The conversation with Benny Begin took place on a wintry Jerusalem morning, about 28 hours before the onset of Operation Cast Lead in the Gaza Strip. At the beginning of this week a few additional brief conversations were held to fill in gaps and update his comments. In none of these did candidate Begin seek to retract or recast anything he had said. Clearly and lucidly, he spoke his truth. In precise and accurate Hebrew, he set forth his world view. And as he shifted from high language to the vernacular and from learned quotations to youthful humor, he was both Begin and Benny. Both a rather mummified gentleman and a sarcastic sabra. A rare Jabotinskyite fossil, now extinct, that suddenly burst out of present-day Israel as it delivers hammer-blows to its adversary.
As prime minister, your father, Menachem Begin, led Israel into the first Lebanon War to dismantle the terrorist entity that was established in that country, which threatened the Galilee. Is that what Israel should be doing now in Gaza? Should the military operation be expanded to dismantle the terrorist entity that is threatening the country's south?
Begin: "Gaza presents us with a military problem and that problem has a military solution.

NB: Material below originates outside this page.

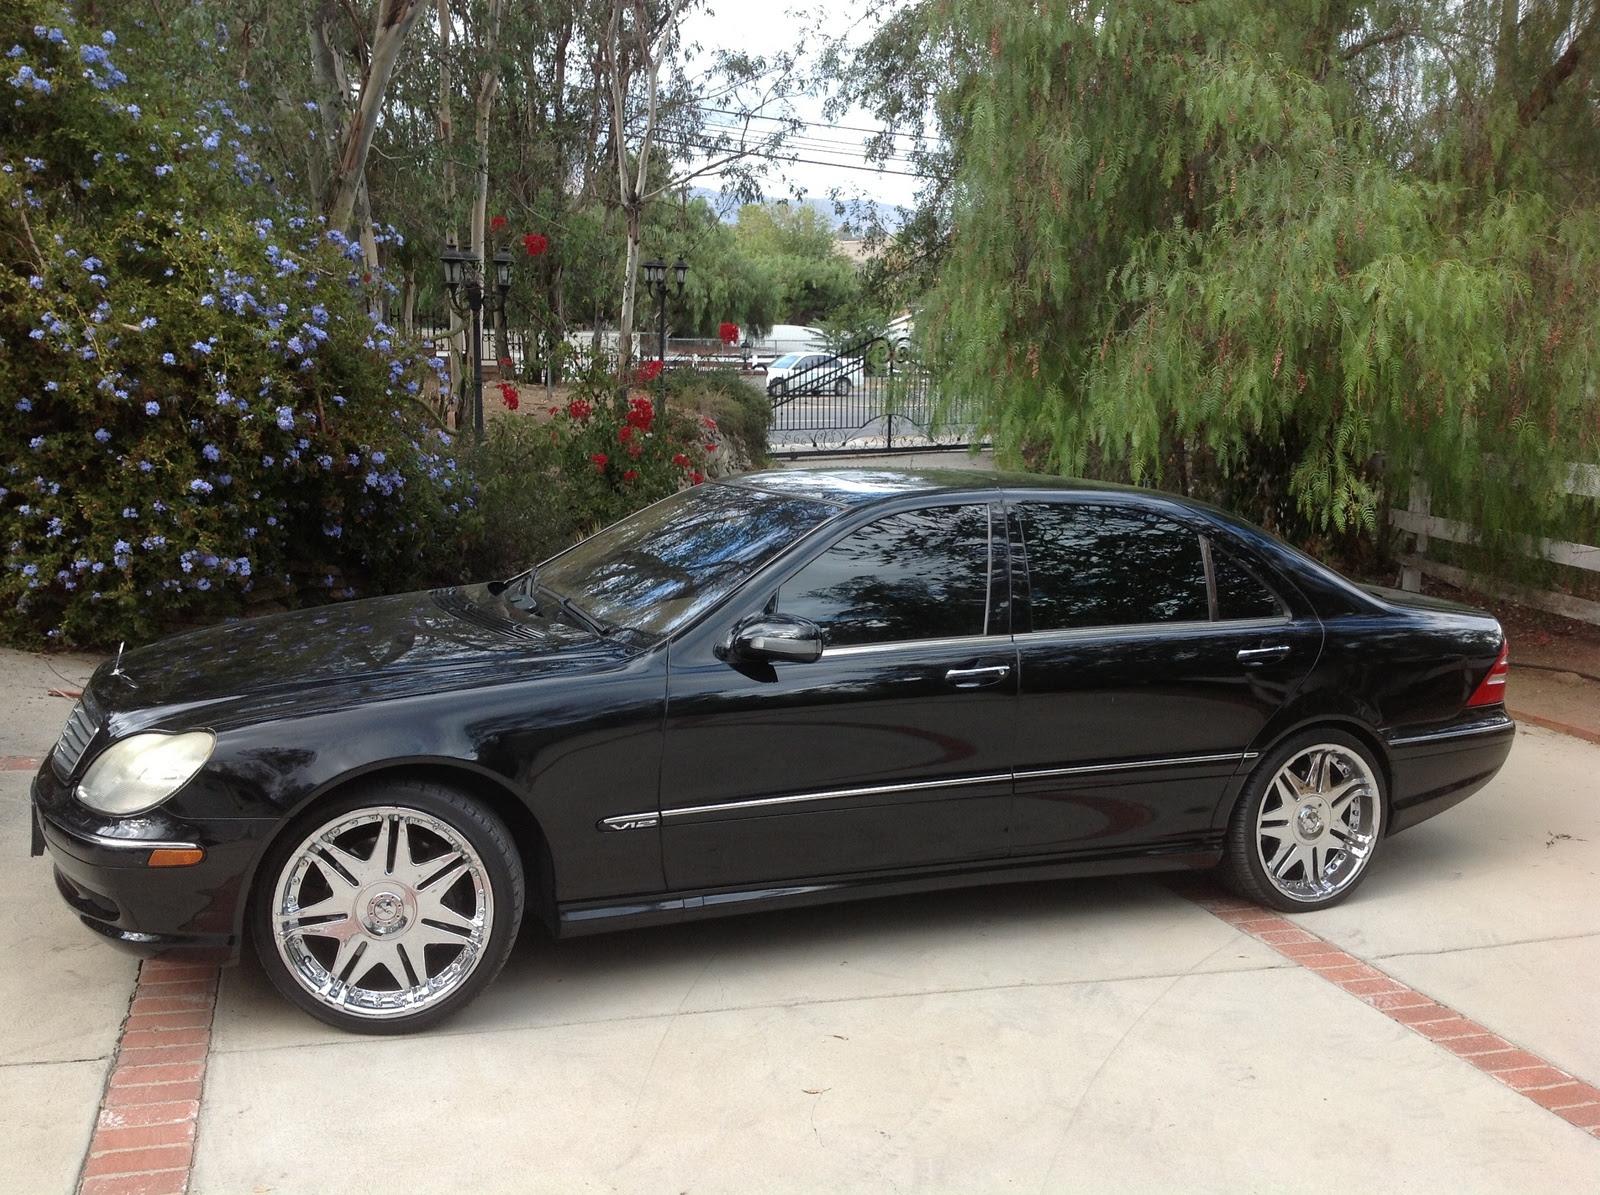 2002 Mercedes-Benz S-Class - Pictures - CarGurus

When I heard Mrs. Livni talking about bringing down the Hamas government, my feeling was that she did not grasp the full import of her words. I thought the goal of the operation should be limited: to end the firing of the missiles. Happily, that is the mission with which the government charged the Israel Defense Forces, and it too is not simple. Even though I think the abandonment of the Gaza district was a serious mistake, I do not think the status quo ante can be restored. I do not see Israel returning to Gaza for the long term.
"With his decency, Shimon Peres said three weeks ago that we made a mistake regarding Gaza. We uprooted dozens of settlements and in their place got rocket-launching bases. In contrast, the foreign minister remains recalcitrant. Just a month ago I heard her say that the 'disengagement' was not a mistake. That statement casts a heavy shadow over her judgment. To this is added her call to topple Hamas and her proposal to reply with fire to the sources of firing. What does it mean to fire back at the sources of fire? You know, the source of the fire lies within population centers. Firing back means the use of artillery fire, which will target innocent people. That must not be done here. A black flag flies over that proposal.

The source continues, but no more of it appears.